> But I agree with you, I'm surprised Steam doesn't have a way to get old ROMs.
Not quite old ROMs, but gog.com sells old computer games prepackaged for Dosbox, which because of that work on Windows, Mac and Linux. That's basically the old PC computer equivalent of what I believe Nintendo does by shipping the emulator with the ROM when you buy it through the Virtual Console so it runs as a whole.
GOG has been earning a lot of my praise recently for not only hosting binaries - but actually putting labour into making sure their games run on modern systems. This is particularly important for games from the era of weird sound cards that can't render audio quite right without a vintage soundblaster - but also goes for games that were simply designed with DOS expectations in place.
Back in the day I was a big fan of an SSI game called Imperialism - this game pretty much refuses to run on modern software - it needs DOSBox to run smoothly and even then it does custom cursor stuff that tends to screw up very obviously on modern systems - the GOG version of the game runs smooth like butter.
Why would I ever pirate a copy of Imperialism and spend a day actually getting it set up to run sorta decently on my machine - when I can grab it off GOG for 1.89 CAD? A day of my time, even an hour of my time (even my leisure time), runs well above 2$ at this point - the convenience is there so pirating becomes a bad value proposition.

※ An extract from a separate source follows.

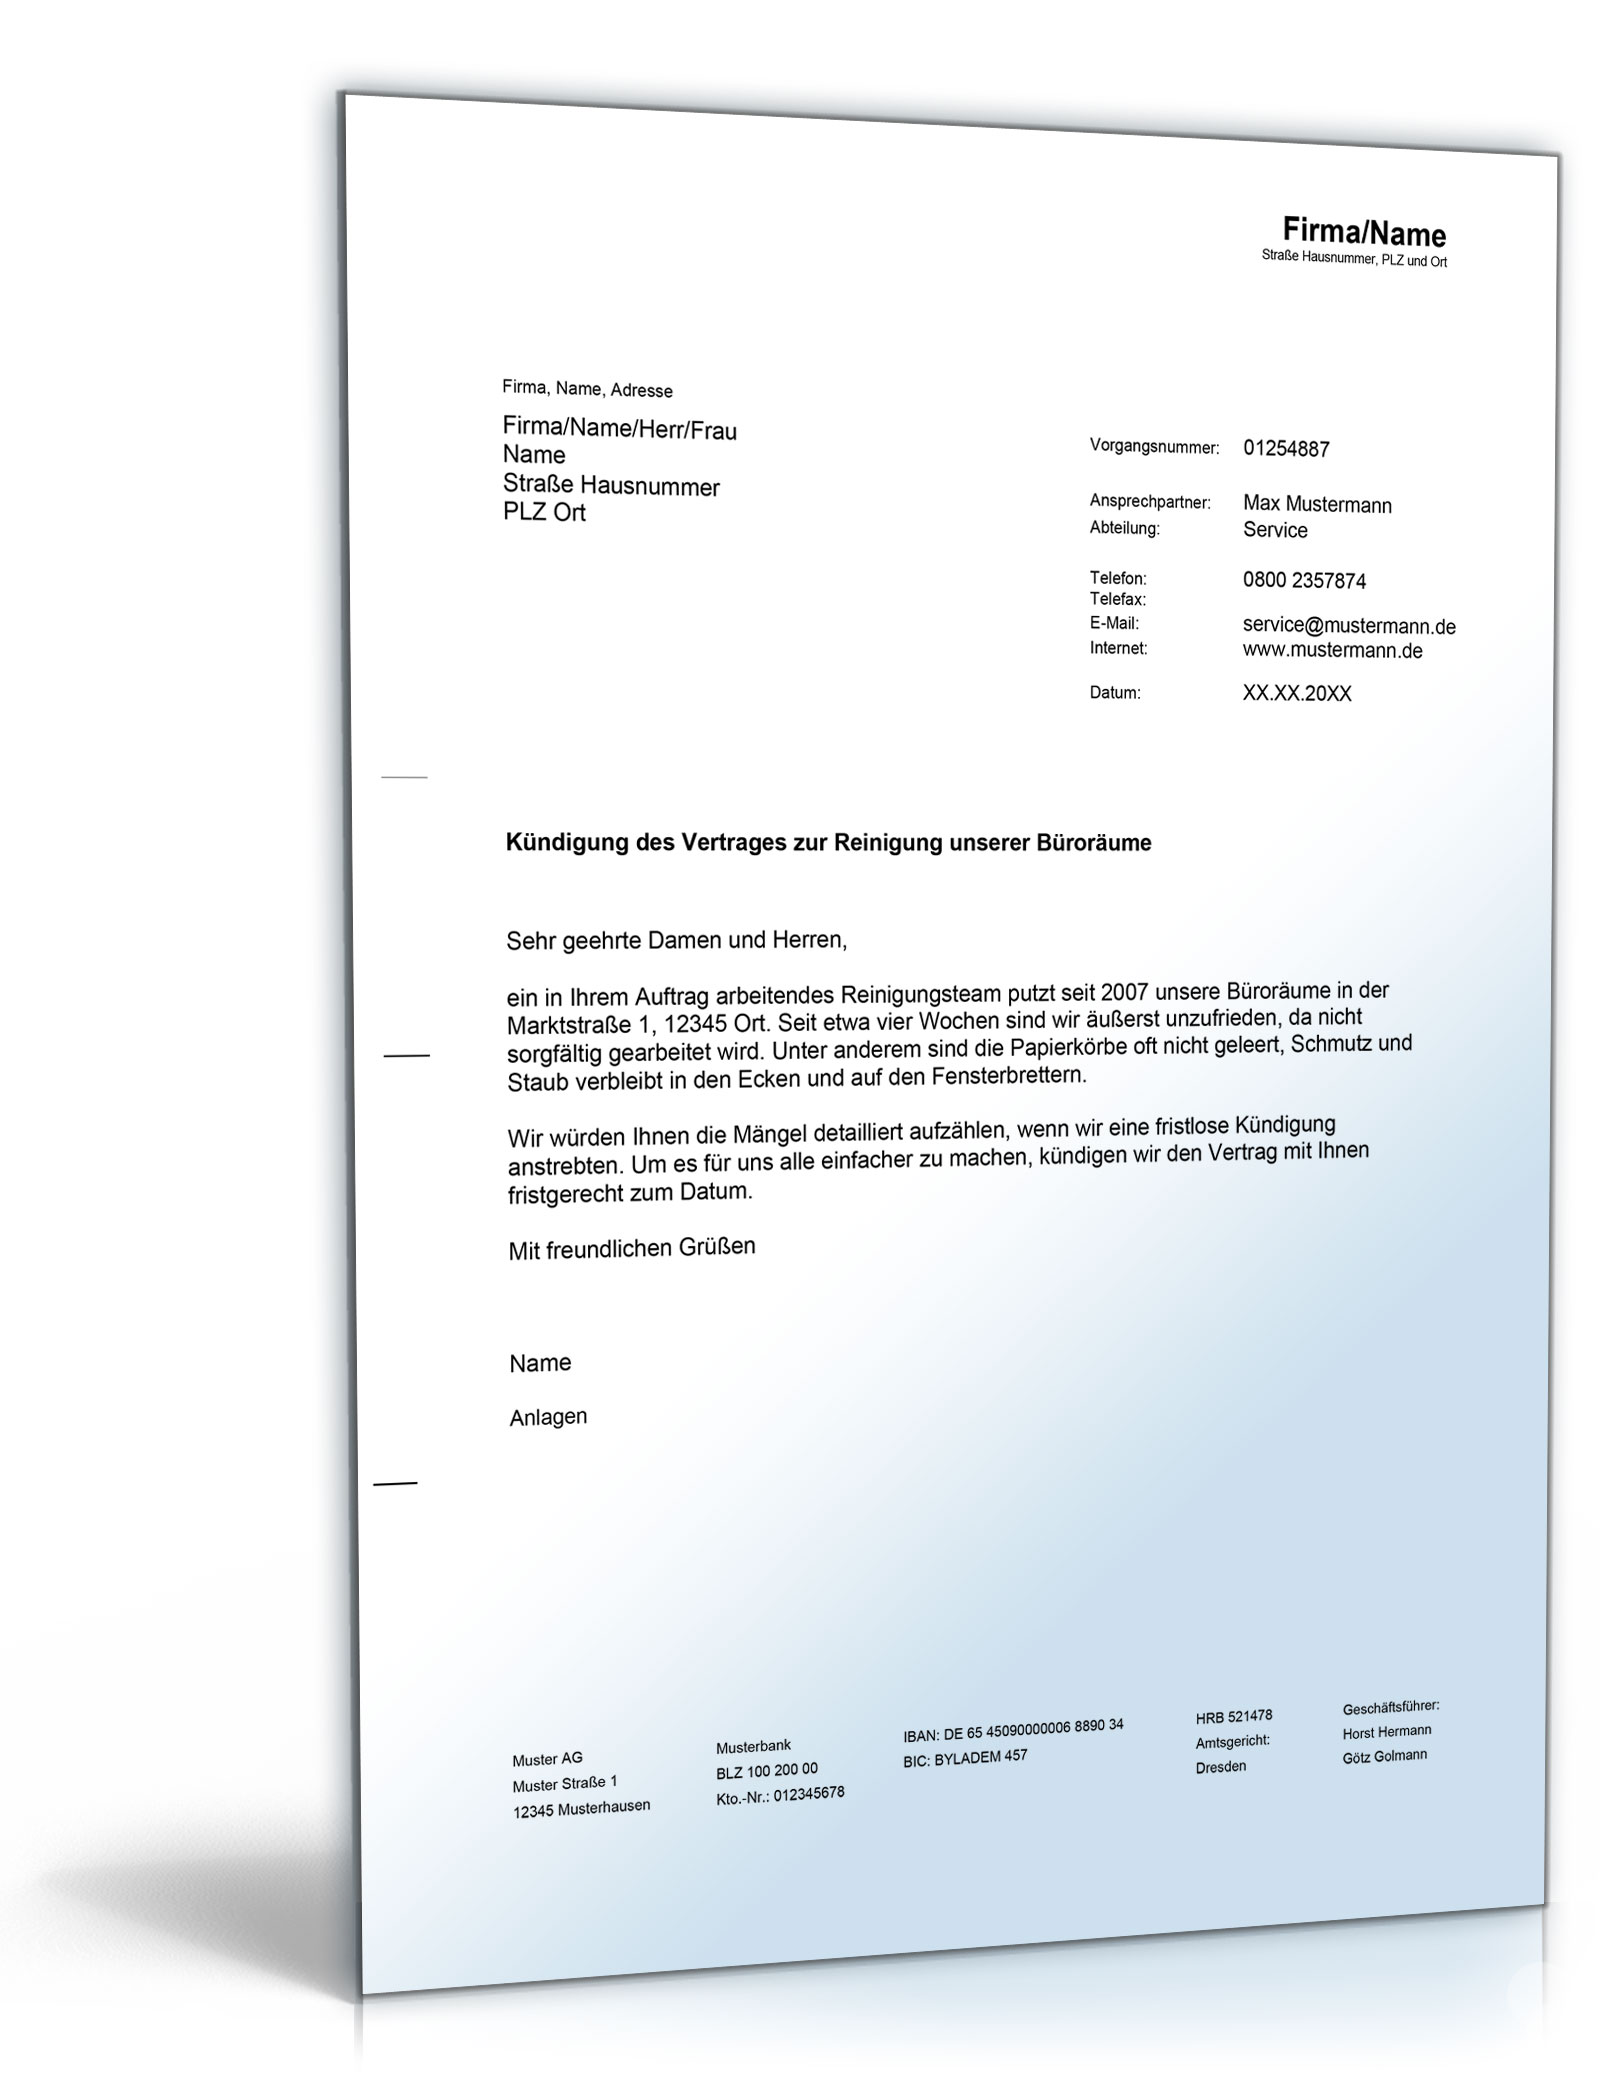 Gemütlich Kündigung Des Einstellungsformulars Galerie - Entry Level ...

IANAL, but yes. If you don't copy something, copyright is not invoked.
In many jurisdictions (AU, UK), it would be legal to copy them to another device you own, such as a hacked PSP, under the "format shifting" exemptions.
Those games are an interesting case: it’s very likely Activision or Warner owns the rights for them, but since ownership could be in the hands of at least one other party and the games themselves aren’t popular nowadays, it isn’t financially worth it for them to do the work to verify it, even though people have tried to work with them in the past.
The Sega Genesis games they sell are basically just ROMs. You can go into the folders where they are installed and grab them to use in a different emulator.
But I agree with you, I'm surprised Steam doesn't have a way to get old ROMs.